In the Illatio sancti Benedicti, composed between 1010 and 1018, Theodoric of Fleury recounts a legend then current at Fleury. When some Vikings attacked Fleury by sailing down the Loire, the relics of Benedict of Nursia were brought to Saint-Aignan for safekeeping. The monks there sued to keep them, but by a miracle they were sailed back down the frozen river to Fleury when the danger was past.

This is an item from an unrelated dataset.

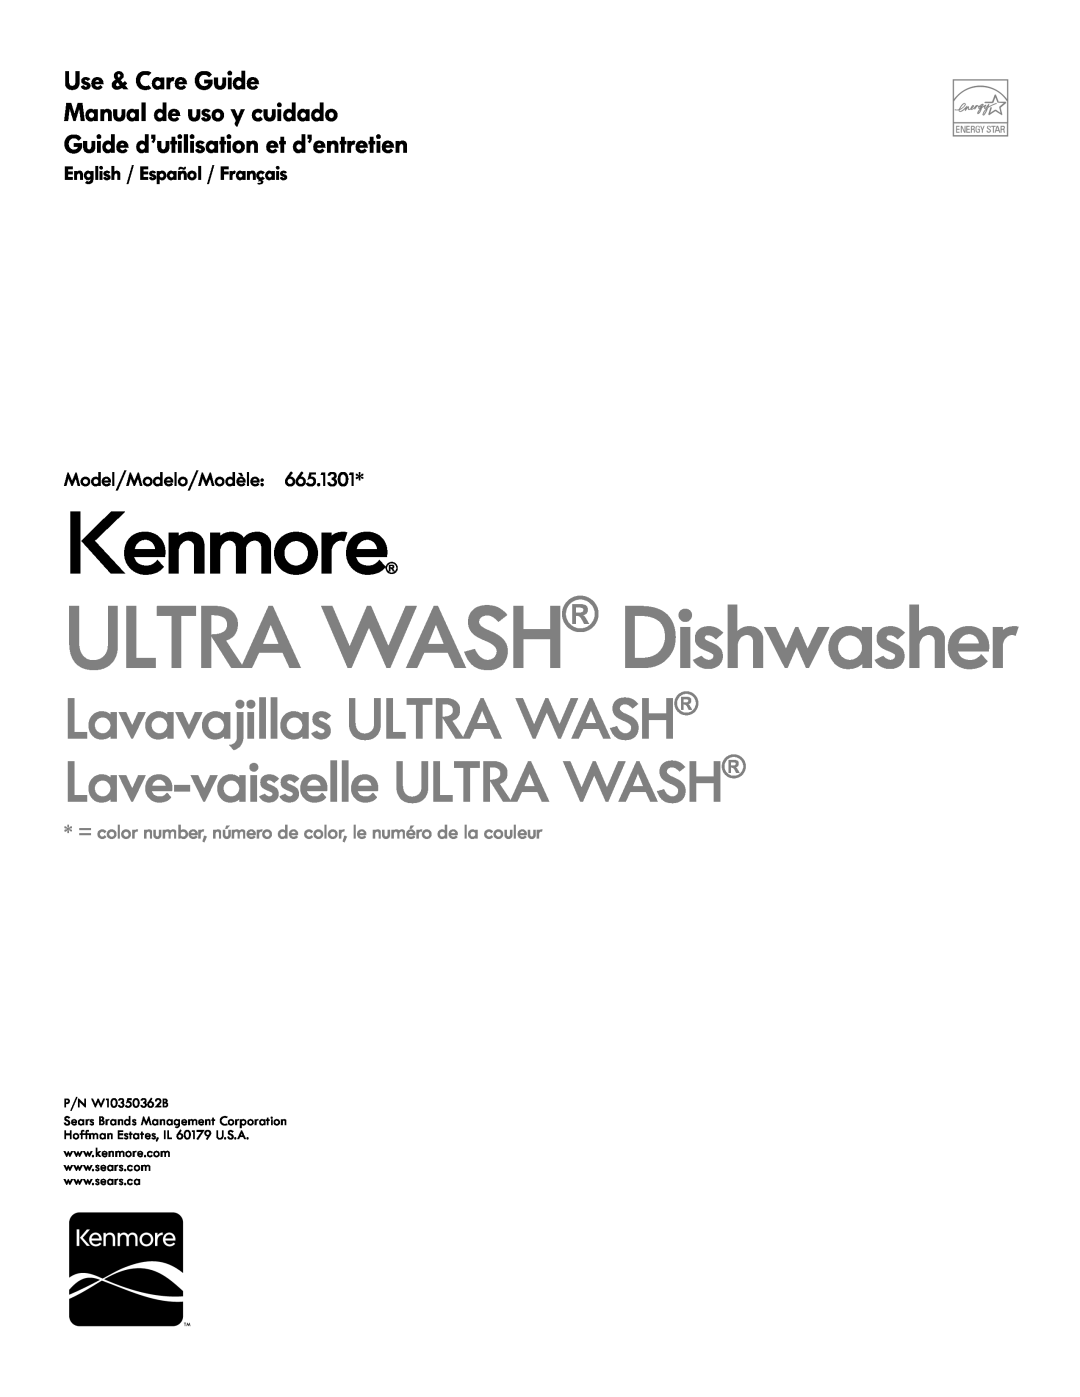 Kenmore 665.1301 manual English / Español / Français Model/Modelo/Modèle, Kenmore, ULTRA WASH Dishwasher, P/N W10350362B

The monastery of Saint-Aignan was rededicated in 1029. At the time its main altar was jointly dedicated to Saints Peter and Anianus, while the altar in the choir was dedicated to Anianus alone, whose relics lay in the crypt below it. There were twelve minor altars lining the nave, dedicated to saints of both local and universal importance, but the six local saints whose relics the church possessed did not have any altars, liturgies or hagiographies at all. Shortly after this date, the bones of Saint Euspicius were transferred to Saint-Mesmin de Micy. In the 1070s, an anonymous monk of Saint-Aignan composed the Miracula sancti Aniani, a collection of stories of miracles performed by Anianus.

In 1661, a monk of Saint-Aignan, Robert Hubert, published a collection of documents from the history of Saint-Aignan. Many of these he had forged and they have misled historians ever since.